After five days of walking, he sees three young men and an older woman, Ben and Abdul and Jenny, the first people he has seen. Ben has buried his whole family. The group travels together for a week, until the others want to enter a town and Jeevan does not. He moves south alone, occasionally bumping into other people.
It's silent everywhere apart from gunshots ringing out, and the roads are filled with travelers stepping over corpses. Jeevan takes canned goods from country houses and reminds himself who he is: Jeevan Chaudhary, a photographer from Toronto. He keeps walking.
Chapter 37
Kirsten tells Diallo she remembers nothing of the first year, except that she and Peter walked without stopping. She remembers very little of the time before the collapse, either, just impressions of her parents, computer screens, and opening a refrigerator or freezer. Diallo confirms for her that refrigerators had lights inside.
Analysis
The fragmentary nature of this section, with its very brief chapters and the shifts in perspective from Jeevan, before the collapse, to Diallo and Kirsten afterward, lend it an almost cinematic feel. Jeevan and Frank allude to this in their conversation: Mandel highlights to the reader that the thread of the narrative is not original but echoes many disaster movies and books that have come before. This, however, does not make things any easier or less terrifying for Jeevan and Frank as they experience the early days of the newly destroyed world in Toronto. In disaster movies, there is always a certainty that there will be something after the disaster and that there will be survivors. As Frank notes, this is not a certainty for himself and Jeevan—and disaster movies never consider people like Frank who, because of their disabilities, cannot walk for days and weeks as others can.

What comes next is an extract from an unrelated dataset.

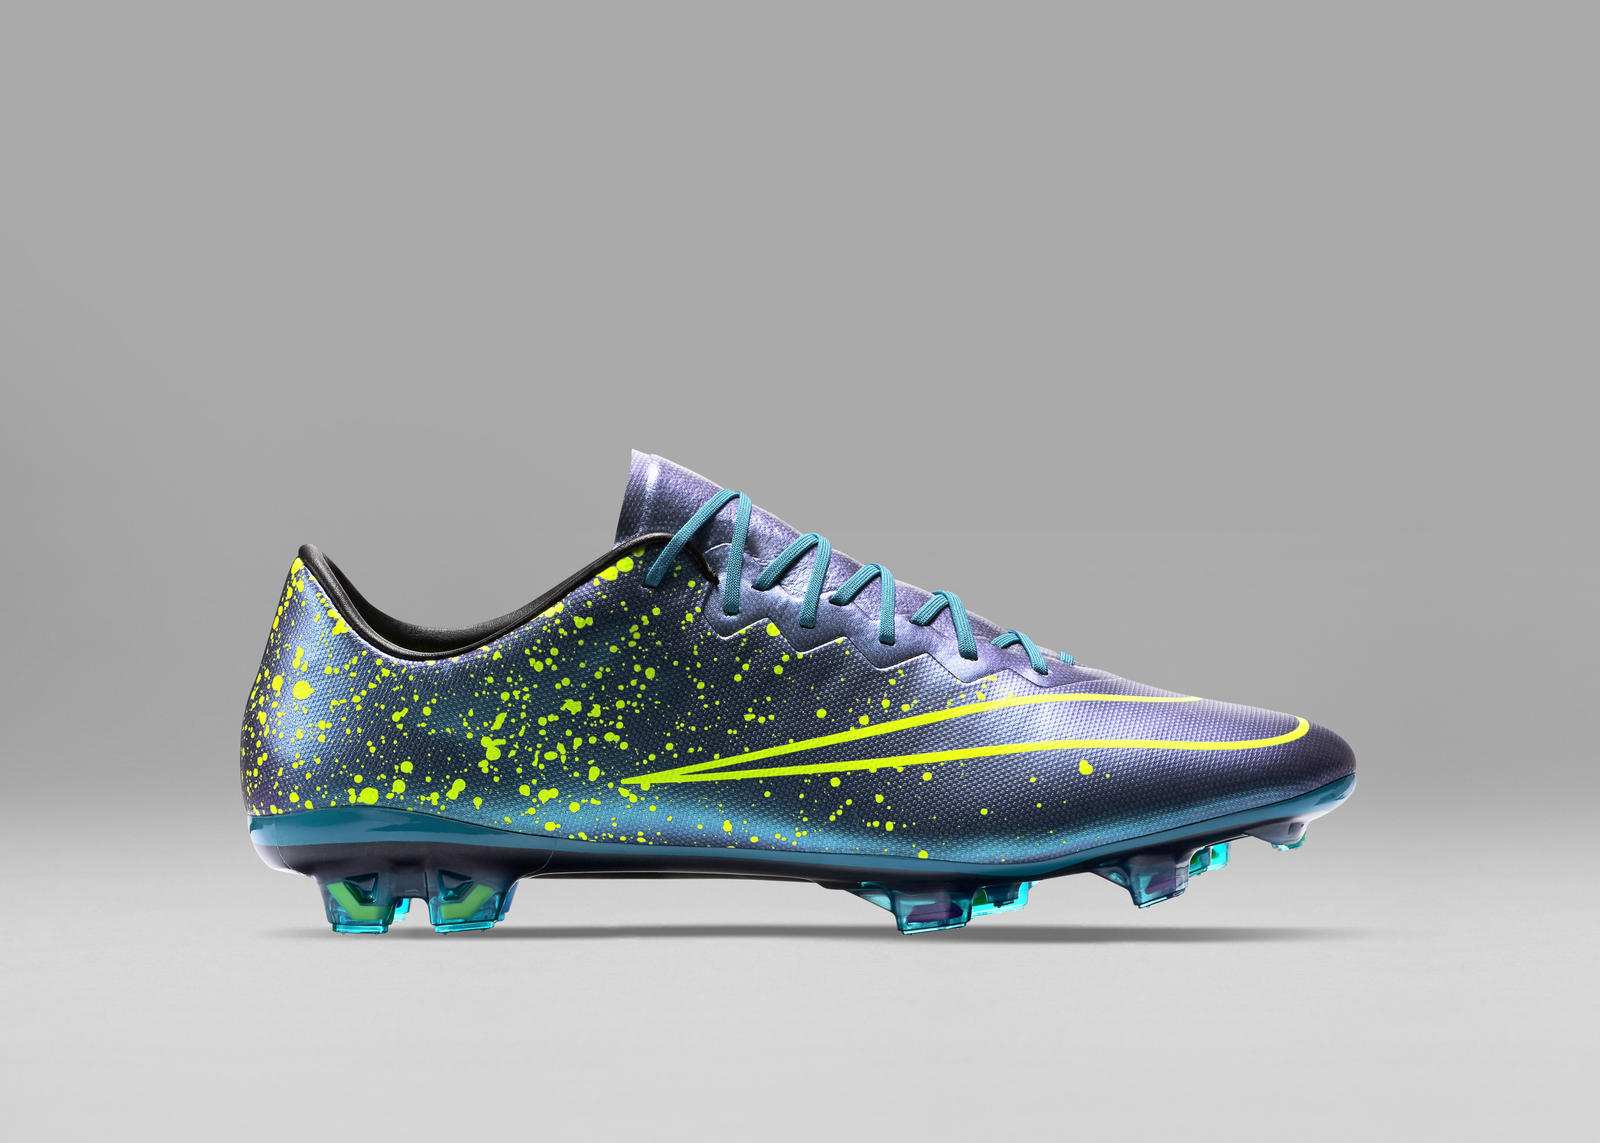 Super Punch: "Nike Football introduces the Electro Flare Pack with a

The cinematic element is also heightened by the disconnect between Kirsten, who is struggling to remember the name of the man who helped her on the night of Arthur's death, and Jeevan, who was that man and who surely remembers Kirsten as a child. To the reader, the whole picture is becoming clear, but even as the finer details of the first days post-collapse emerge, Kirsten, who lived through them, is explaining to Diallo that she can barely remember anything. The perspective of someone who was a child in those days, clinging to pitiful fragments of memory, is juxtaposed against the perspective of the adult Jeevan, who knows exactly what he has lost—and yet both of them began their new lives by walking, the only thing anyone can do.